The High Court, however, by the impugned order came to the conclusion that the initial burden of proving that the goods in question were smuggled, lay on the Department which according to it, was not discharged by the Department. This conclusion of the High Court is obviously based on a misappreciation of the evidence that was already considered by the lower authorities. The High Court, in our opinion, not only erred in reappreciating the evidence already considered by the authorities below and in that process committed a further error of substituting its subjective opinion in the place of the findings of the authorities below. Therefore, we are of the opinion that the finding of the High Court that the concurrent conclusions of the statutory authorities were either not based on evidence or were perverse, is unsustainable.

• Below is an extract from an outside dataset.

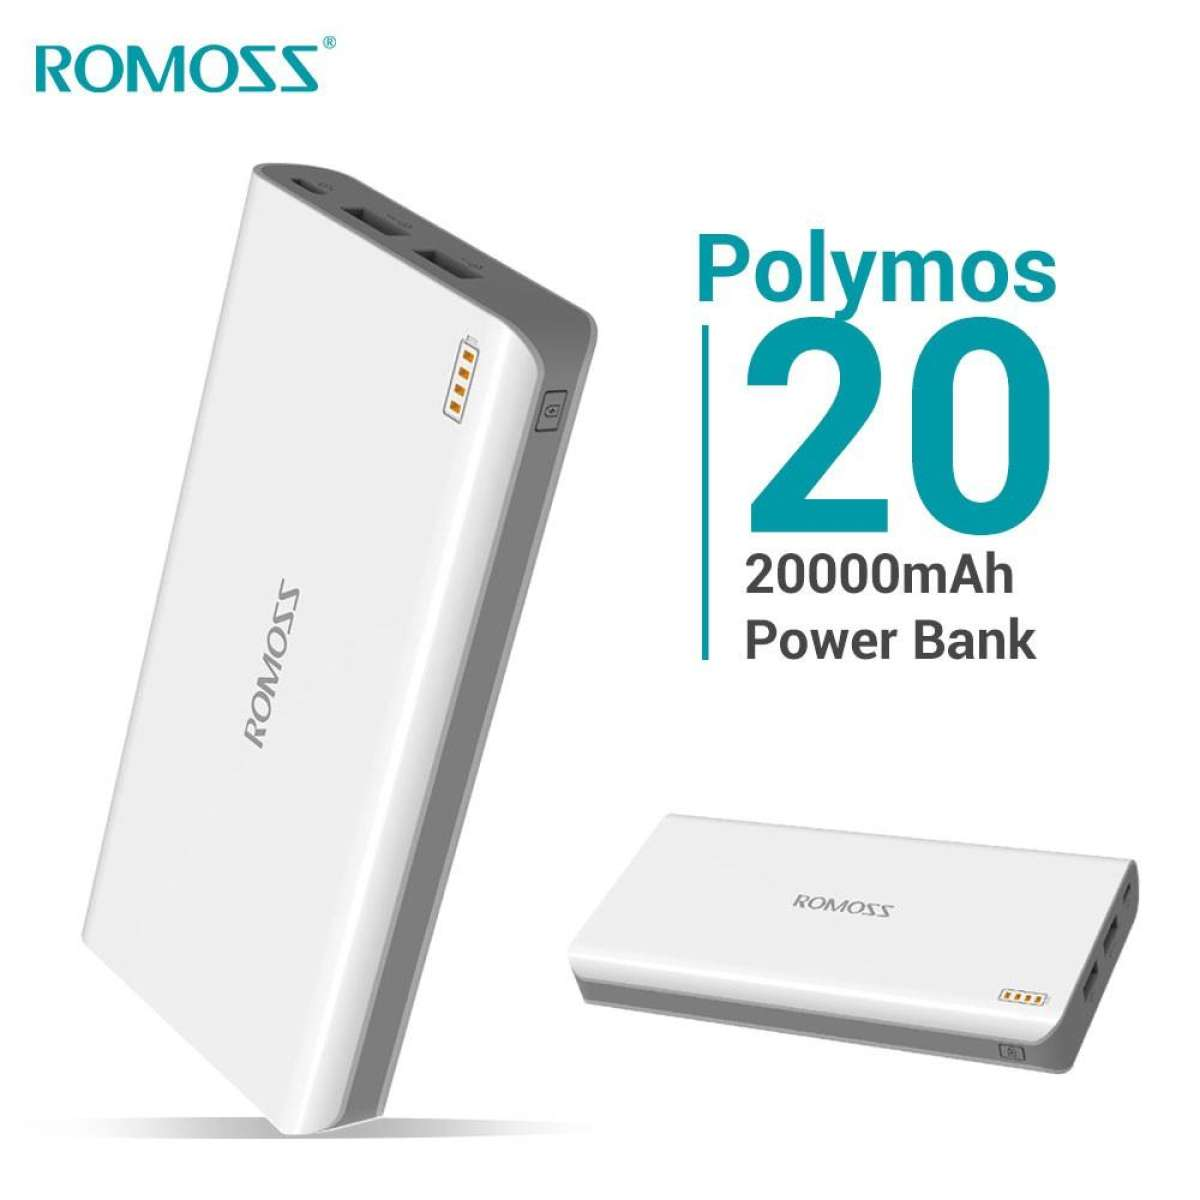 Original ROMOSS Polymos 20 Dual USB 20000mAh Gallery Image 2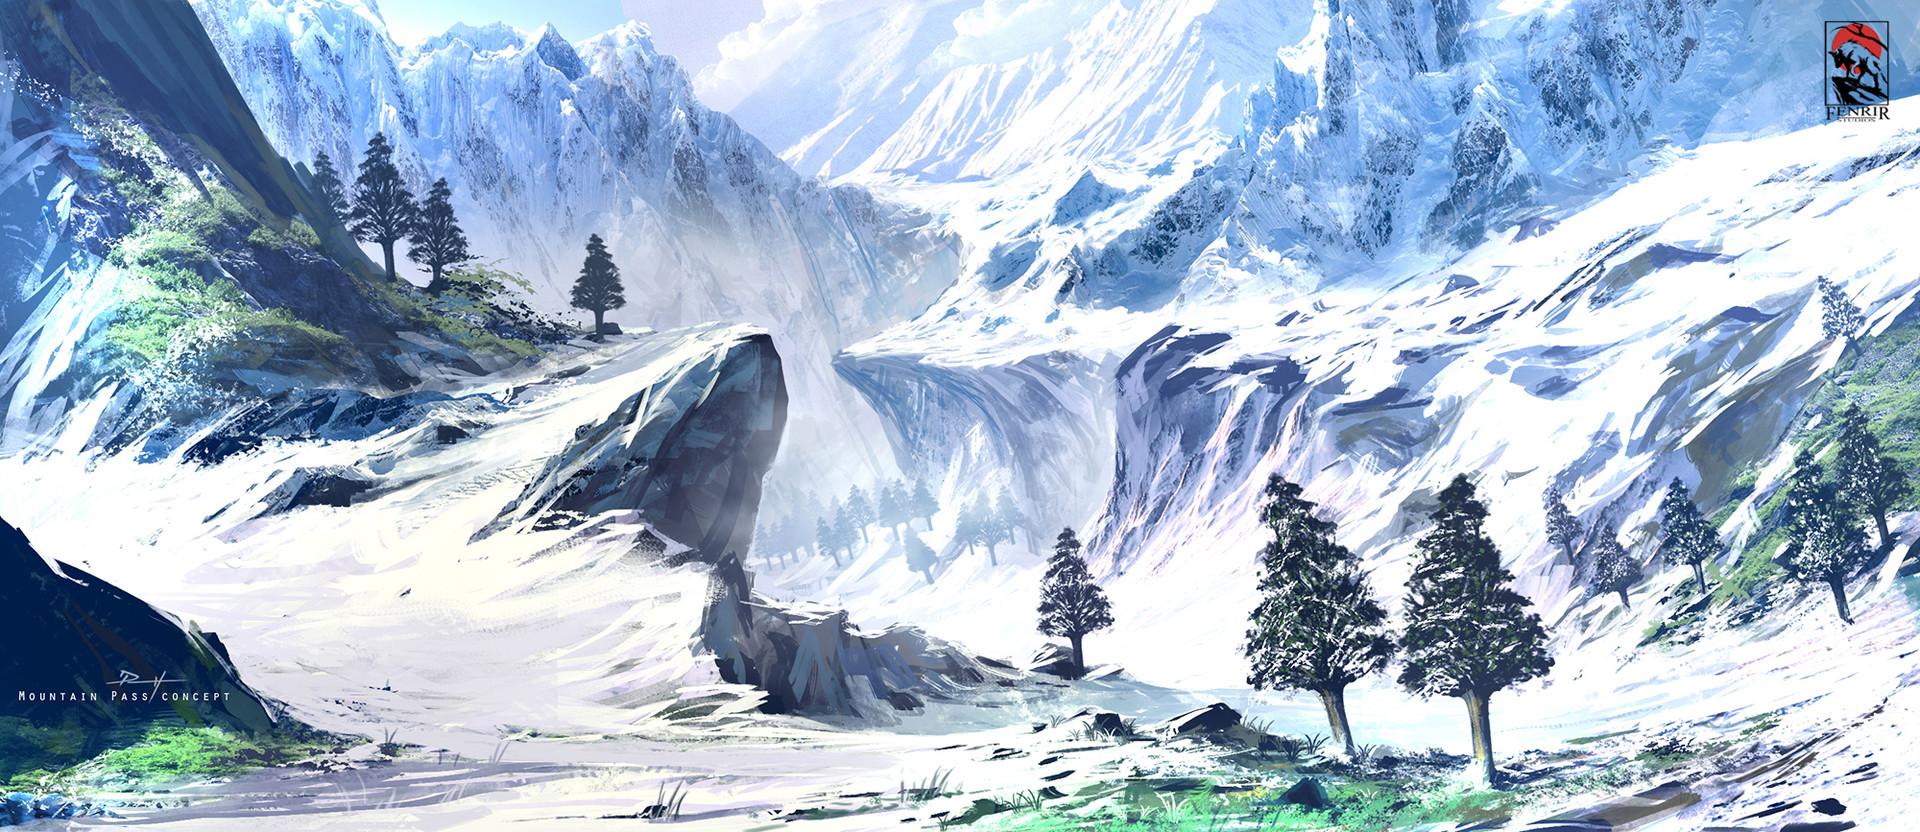 Daniel pellow mountain pass3

On behalf of the respondents, it was contended before us that the Department could not have taken advantage of the presumption available under Section 123 of the Customs Act, 1962 in view of the fact that the gold in question was seized originally not by the Customs authorities but by the Police personnel. From the material available on record, we find that on finding the respondent carrying the gold in question, the Police as a matter of fact did not seize the gold but actually produced the respondent with the gold which was in his possession, before the Customs Authorities who in fact on such production, seized the gold. Be that as it may, we notice that the appellate authority itself did not choose to rely upon any presumption available under Section 123 of the Customs Act but proceeded to consider and rely upon the material that was available to establish that on the date of arrest the respondent was in possession of unmarked gold biscuits; in regard to origin of which or importation of which the respondent was either ignorant or was not willing to divulge and remained evasive. The authorities also have taken note of other materials on record to which we have already made reference and which, in our opinion, are sufficient in the circumstances of this case to come to the conclusion that the gold found in possession of the respondent is liable for confiscation and the respondent was liable for the penalty de hors the presumption contemplated under Section 123 of the Customs Act.
For the reasons stated above, this appeal succeeds, the impugned judgment is set aside and the order of confiscation and the penalty as imposed by the Commissioner and as modified by the tribunal shall be restored.